Advanced optimizer settings: You have the option to define the selected optimizers' parameters.
Advanced augmentation settings: Allows disabling of specific data augmentations and color transformations if you have those applied.
Image preprocessing settings: Contains configuration options for Linear Stretch and CLAHE.

full-configuration-training-settings-1-of-2

Resource Requirements

Specify the allocation of GPU and CPU resources for your Training Run. Please note that usable compute resources may vary depending on the other entities that your organization is actively running, like Inference Servers, Workspaces, and other Training Runs. If your node has multiple GPUs and the Blueprint supports multi-GPU training, you can specify the desired GPU count from the drop-down menu; otherwise, the run will default to a single GPU if available and selected. Click Show Limits to get an idea of the limits of CPU cores and RAM that you can allocate for the run. The Resources Available message provides feedback on whether your chosen allotments are valid. For a more thorough deep dive into how to allocate resources effectively, refer to the Resource Management documentation.

training-resource-requirements

Training and validation data

from chariot.datasets import Dataset
from chariot.client import connect

connect()

# Get the train and val versions of the datasets.
ds = Dataset(
   name="<NAME OF DATASET>",
   project_name="<PROJECT NAME (OPTIONAL)>",
)
train_version = [v for v in ds.versions if v.split == "train"][0] #ensure "train" matches your expected split name
val_version = [v for v in ds.versions if v.split == "val"][0] #ensure "val" matches your expected split name

Model configuration

Model configuration is defined by:

architecture: A string specifying which architecture to use.

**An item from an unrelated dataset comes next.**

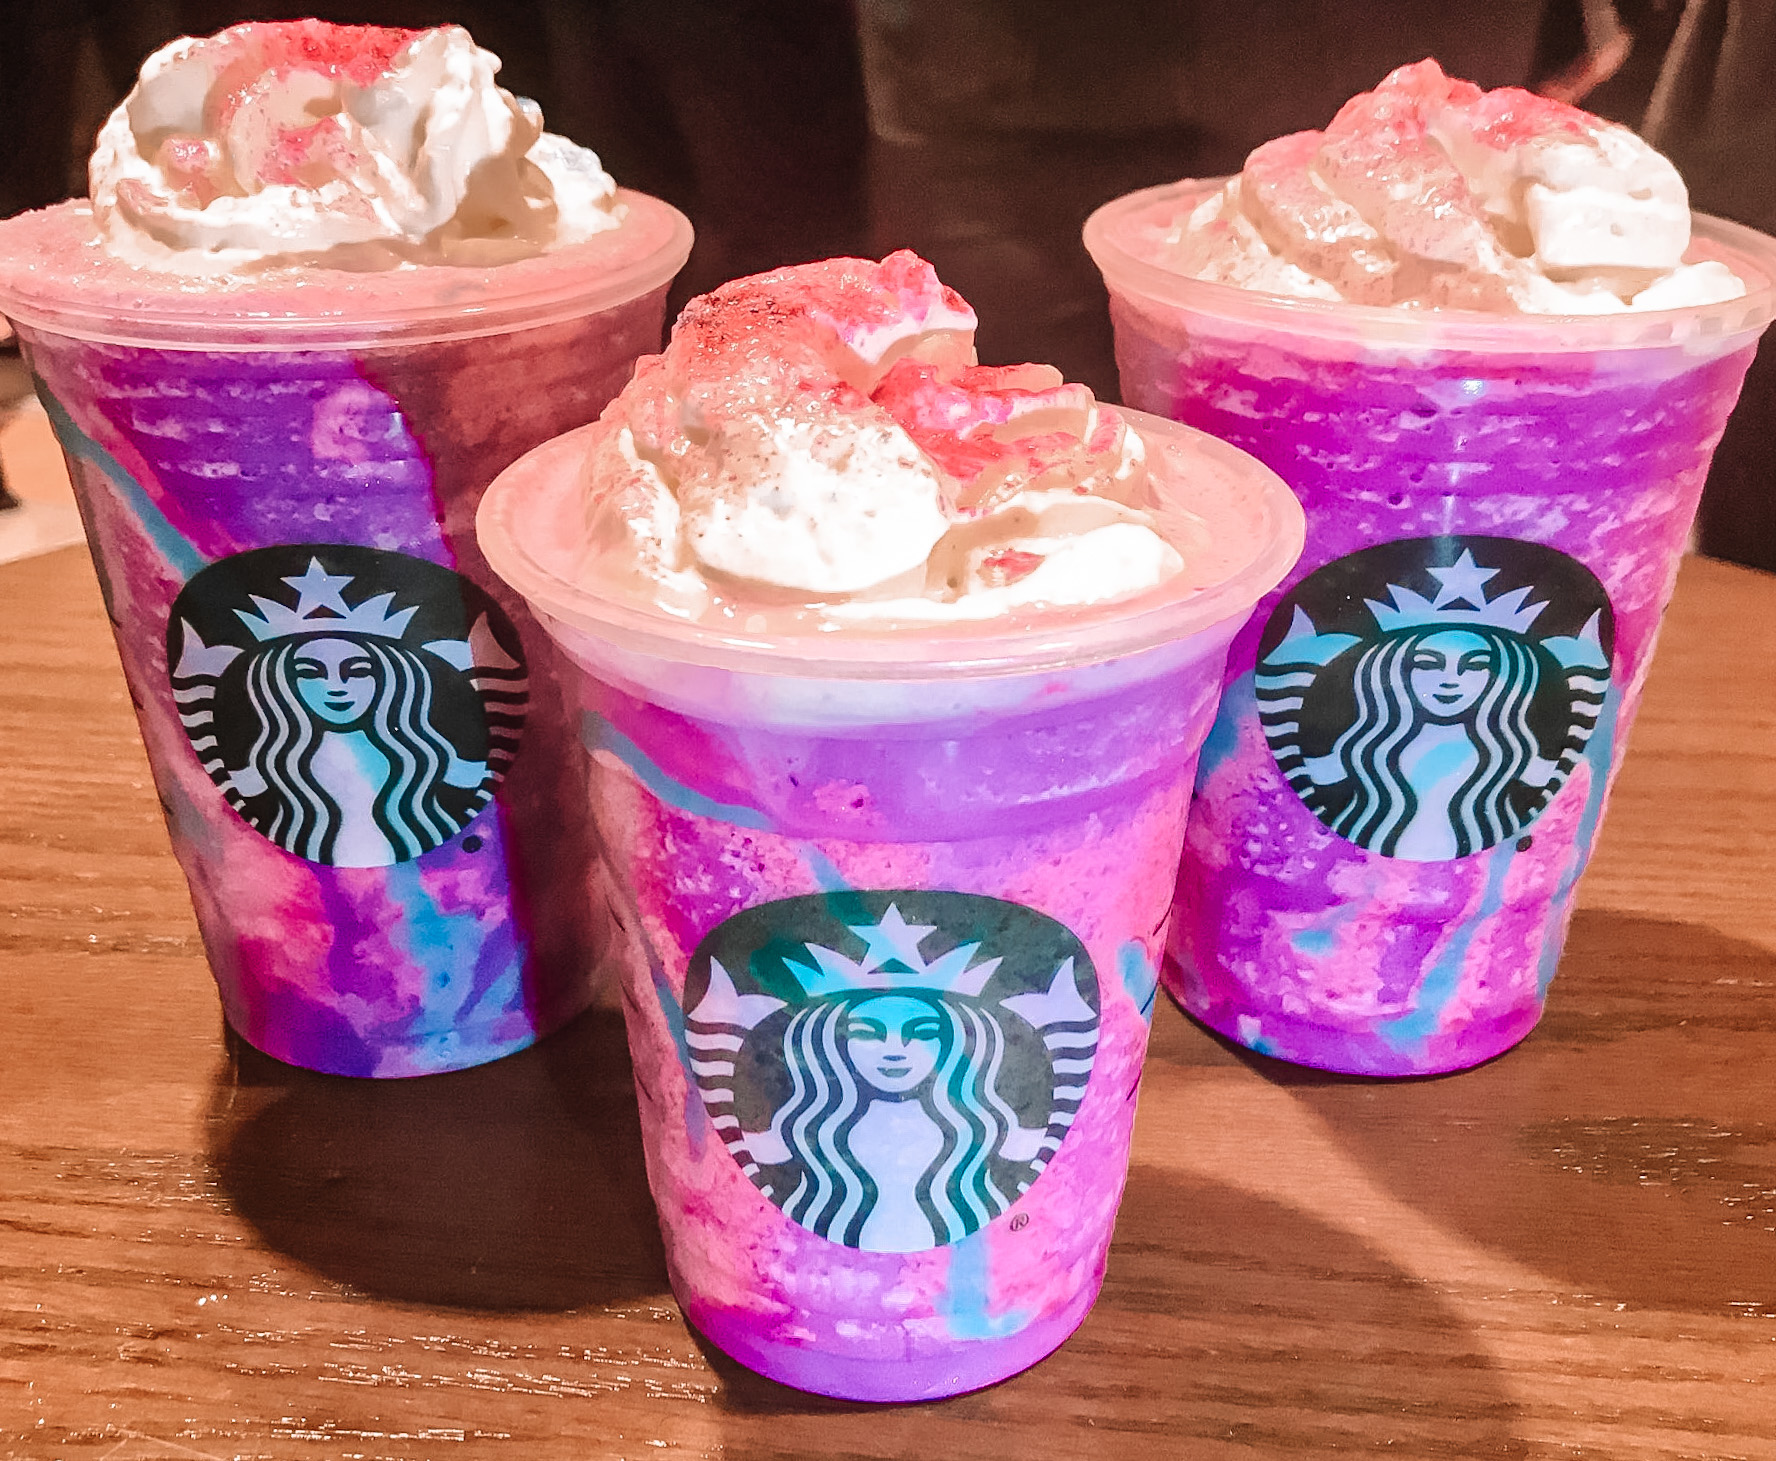 Starbucks Unicorn Frappuccino Review

This depends on the given task.
input_size: This is an object that specifies how the images should be resized. This is necessary for classification and detection tasks but optional for segmentation.

For this example, we will use the following configuration:

model = {'architecture': 'mobilenet_v3_small', 'image_net_pre_trained': True, 'input_size': {'height': 32, 'width': 32, 'apply': True}}

Optimizer configuration

The optimizer is an object that has the following two required fields:

name: This is a string specifying which optimizer to use. See the PyTorch docs for details on the available optimizers. Typically, Adam is a good choice.
learningRate: This is the learning rate to use. Typical good choices are between (0.0001 and 0.001).

We will use the following for the optimizer in this example:

optimizer = {'name': 'Adam', 'kwargs': {'learningRate': 0.001}}

Putting it all together

Construct your Training Run configuration:

train_dsv = [{
   "id": train_version.dataset_id,
   "version_id": train_version.id,
   "project_id": train_version.project_id,
}]

val_dsv = [{
   "id": val_version.dataset_id,
   "version_id": val_version.id,
   "project_id": val_version.project_id,
}]

labels = ["building"]  # a list of labels that we're training against

train_kwargs = {
   "n_global_steps": 10,             # how many optimizer steps to train for
   "global_step_eval_freq": 10,      # how frequently to evaluate
   "global_step_save_ckpt_freq": 10, # how often to save checkpoints
}

config = {
   "runform": {
         "train_data": {
            "datasets": train_dsv,
            "batch_size": 4,
         },
         "val_data": {
            "datasets": val_dsv,
            "batch_size": 4,
         },
         "optimizer": optimizer,
         "task_type": "Image Segmentation",
         "labels": labels,
         "model": model,
   },
   "train_kwargs": train_kwargs,
}

Retrieve the appropriate Blueprint ID for your run:

from chariot.training_v2 import lookup_blueprint_id

blueprint_id = lookup_blueprint_id(name="teddy_wizard")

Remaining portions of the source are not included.